You know, even after all this time, I have days, sometimes almost a full week where I consider eating something else. A certain food crosses my mind and I want to eat it. For so long now I have restrained and withheld and kept at bay many foods that I could eat, treats entering the house, passing a store, and even while I eat my meal. However, I have noticed that when confronted with a “yummy” food, one that remains out-of-bounds with the dieting gods, the forbidden fruit of all self-proclaimed out-of-shapers, huskies, chubbies, flabbies, phatties, heavyweights, thunder-thighers, belly-totin miserables, I tend to make the correct decision to not partake or nibble or even sample that food for fear of regressing and erasing all the hard work I have put into my mind and body. The decision is quite easy and I don’t even think about eating that food anymore.
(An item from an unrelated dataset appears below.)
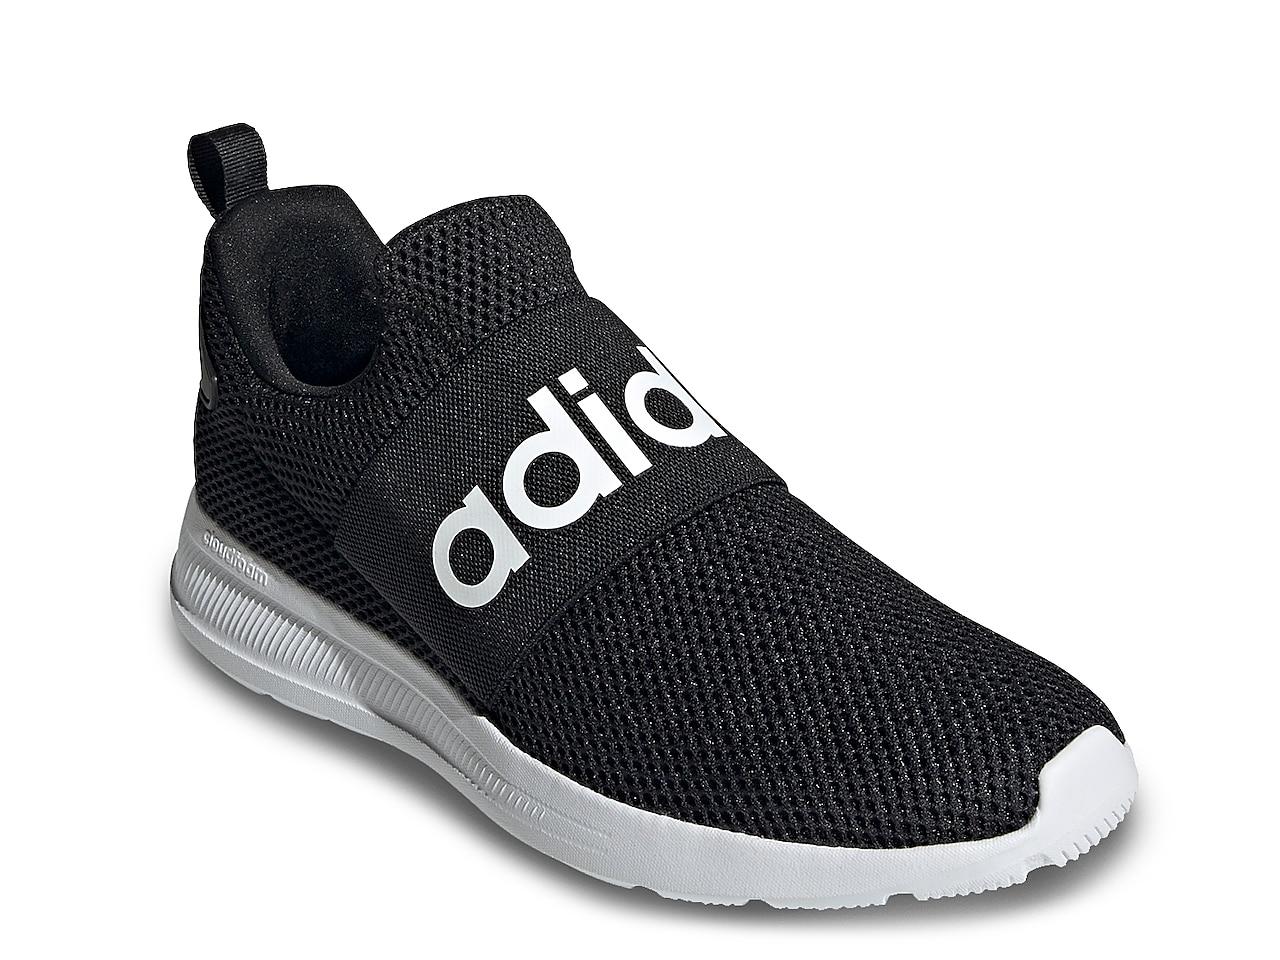 adidas Lite Racer Adapt 4.0 Running Shoe - Men's

It’s funny that it crosses my mind when unseen, yet when it becomes a visual in front of me I have an easier time not eating it. Now, that isn’t always. It also depends on the food. If I see pizza, then that day automatically becomes my cheat day because I cannot express to you in justifiable words the depth and love I have for pizza. It is one of those foods that is so delicious and so soothing to my body and soul that I will not deprive myself of the marvelous decadent symphonies that await my ever-so-eager mouth. And you know what, that is okay. When you do well for a period of a week or two, you need to reward yourself and feel no guilt. I do know this. I have learned that as you first begin your lifestyle changes with your diet that it is imperative to stick to a disciplined menu to allow your body to rid itself of the many cravings for those foods less than good for you. Once you have mastered yourself fairly well, then it would it be a good idea to have a cheat day. The more you practice will power the more will power you will have to make better choices throughout your days and weeks!
Remind yourself of your accomplishments………..
There are mornings I wake up and kinda feel like I could stay home and not go for that swim. I have trained myself to immediately tell myself of all the progress I have made and how good I am feeling. This allows me to get up and out of bed and look forward to another swim and another pound gone. Reminding yourself of your progress allows you to see you are doing it daily and gives you that kick in the pants you need to get out of bed and do it again. I feel my clothes getting looser on my body. Shorts I could not button are now sliding off of me if I do not put a belt on. Shirts once too tight to wear and too short now are hanging on me and are fitting me better. Nobody will have a bigger influence on me or you but myself and yourself. It is very difficult to stay positive but it is absolutely possible. With all this said I will see you all this evening and tomorrow for some of you. I will post again and post my pics and results and progress. See you soon and wish me luck!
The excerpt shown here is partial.